Even better: the iron powder keeps working even after it rusts. Here’s what this could mean for cleaning up our water supply.

The Discovery That Changes Everything

Most water filters today use activated carbon to remove PFAS and other contaminants. It works, but it’s expensive and has limitations. Now scientists have discovered that ordinary iron powder – the kind already used in some industrial water treatment – does the job much better.

The key findings:

• Iron powder removed 26 times more PFAS per unit surface area than activated carbon
• The iron powder (called microscale zero-valent iron or mZVI) costs less than activated carbon
• It still works effectively even after the iron rusts from being in water
• The rusted iron particles remained “very active” at removing forever chemicals

Why this matters: This discovery could lead to cheaper, more effective water treatment systems for communities struggling with PFAS contamination.

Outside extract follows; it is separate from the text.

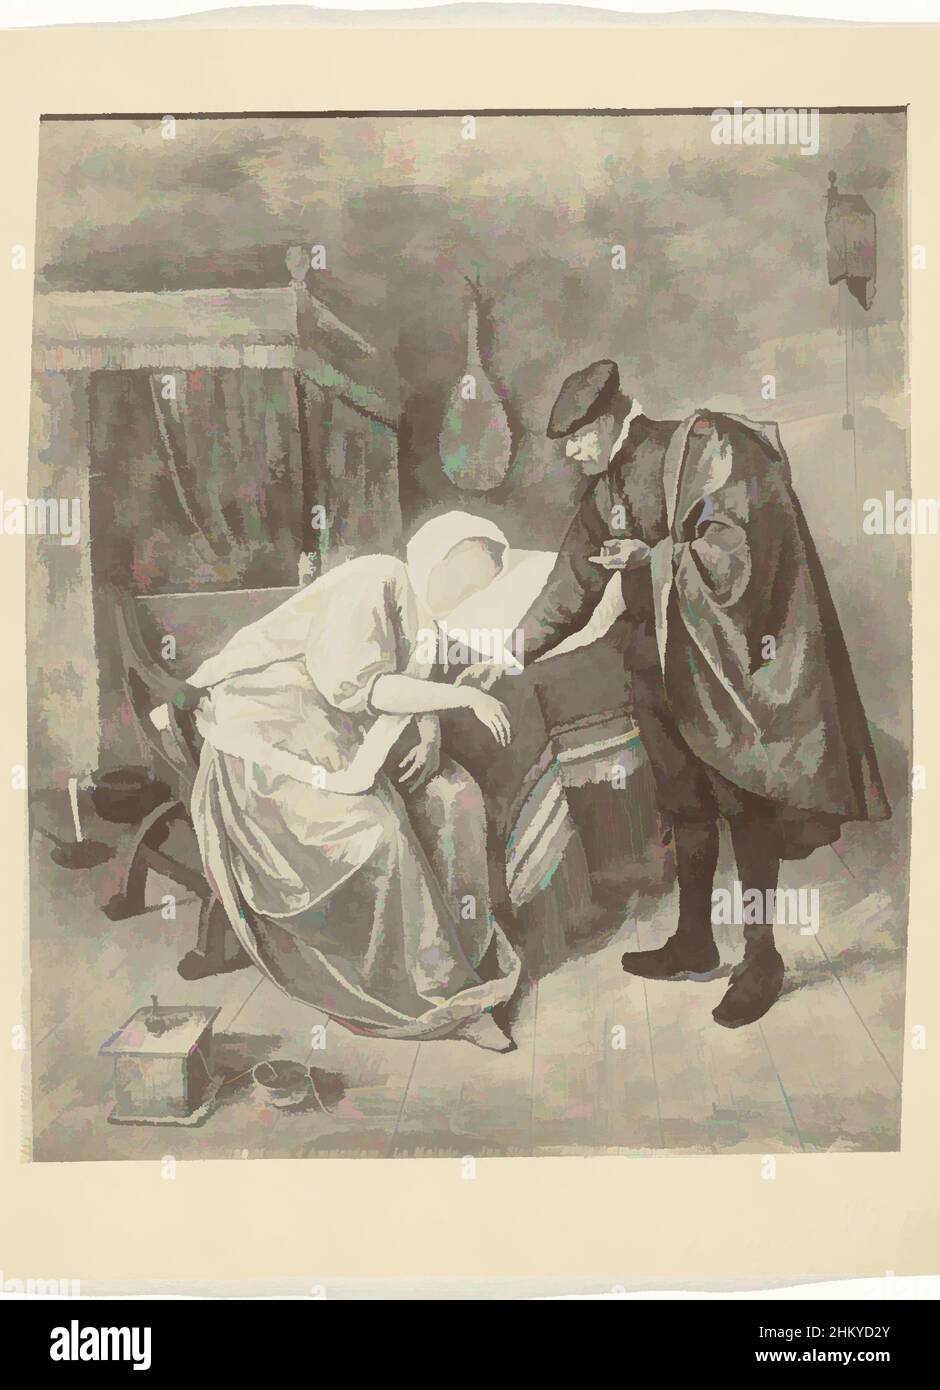 Art inspired by Photoreproduction of the painting The Sick Woman by Jan Steen, Musée d'Amsterdam. La Malade. - Jan van Steen. - Ecole hollandaise, after: Jan Havicksz. Steen, Amsterdam, publisher: Paris, 1867 - 1880, paper, cardboard, albumen print, height 265 mm × width 223 mmheight, Classic works modernized by Artotop with a splash of modernity. Shapes, color and value, eye-catching visual impact on art. Emotions through freedom of artworks in a contemporary way. A timeless message pursuing a wildly creative new direction. Artists turning to the digital medium and creating the Artotop NFT Stock Photo

It might also pave the way for better home filtration options.

How the Research Worked

Professors Xiaoguang Meng and Christos Christodoulatos, along with Ph.D. student Meng Ji at Stevens Institute of Technology, wanted to find the most efficient way to remove PFOS (one of the most common forever chemicals) from water.

Their experiment:

• Compared iron powder directly to activated carbon
• Tested how well each material removed PFOS from contaminated water
• Measured the surface area needed for effective removal
• Published their findings in Environmental Science & Technology in March 2025

The results were dramatic: The iron powder had a significantly higher removal capacity (21 mg/m²) compared to activated carbon (0.813 mg/m²). Using 10 grams per liter of iron powder reduced PFOS concentrations from 50 mg/L to 6 mg/L within just 8 hours.

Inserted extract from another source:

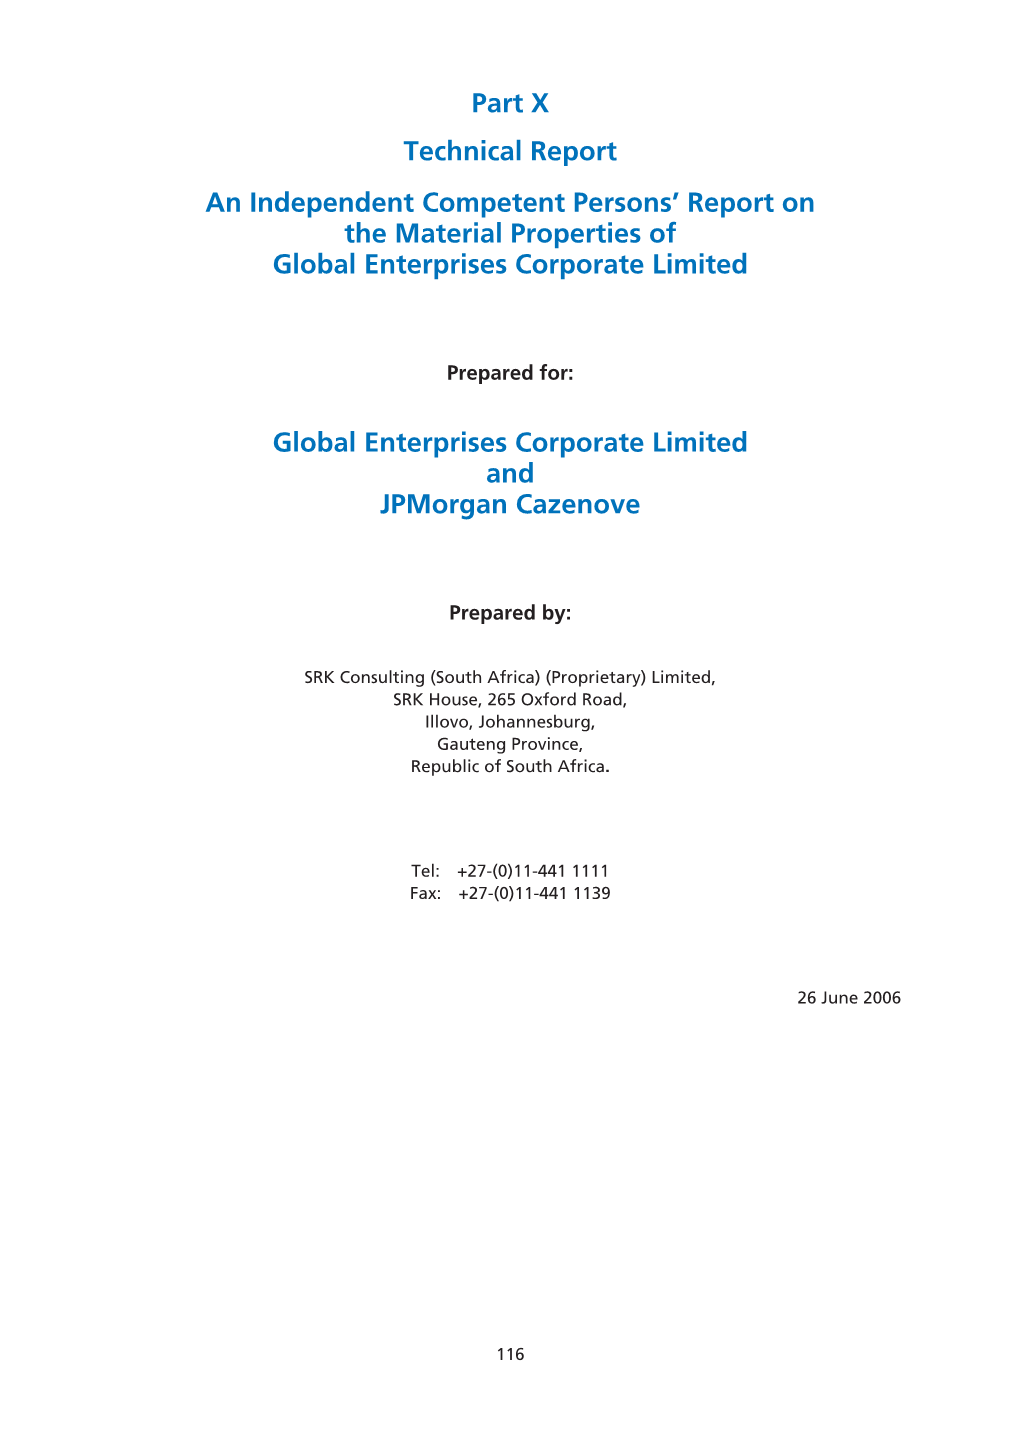 Part X Technical Report an Independent Competent Persons’ Report on the Material Properties of Global Enterprises Corporate Limited

What Makes Iron Powder So Effective

The scientists discovered that iron powder removes PFAS through a process called adsorption – the same basic process that activated carbon uses, but much more efficiently.

How it works:

• PFAS molecules stick to the surface of iron particles
• The iron provides more effective binding sites than carbon
• Even when the iron oxidizes (rusts), it maintains its ability to grab forever chemicals

The surprising rust discovery: Most people would assume that rusty iron wouldn’t work as well. But the research showed that when iron particles develop an iron oxide layer on their surface, they’re still highly effective at removing PFAS.

“The particles’ surface is covered by iron oxide, but it’s still very active,” said Professor Meng. This unexpected finding has major implications for real-world water treatment systems.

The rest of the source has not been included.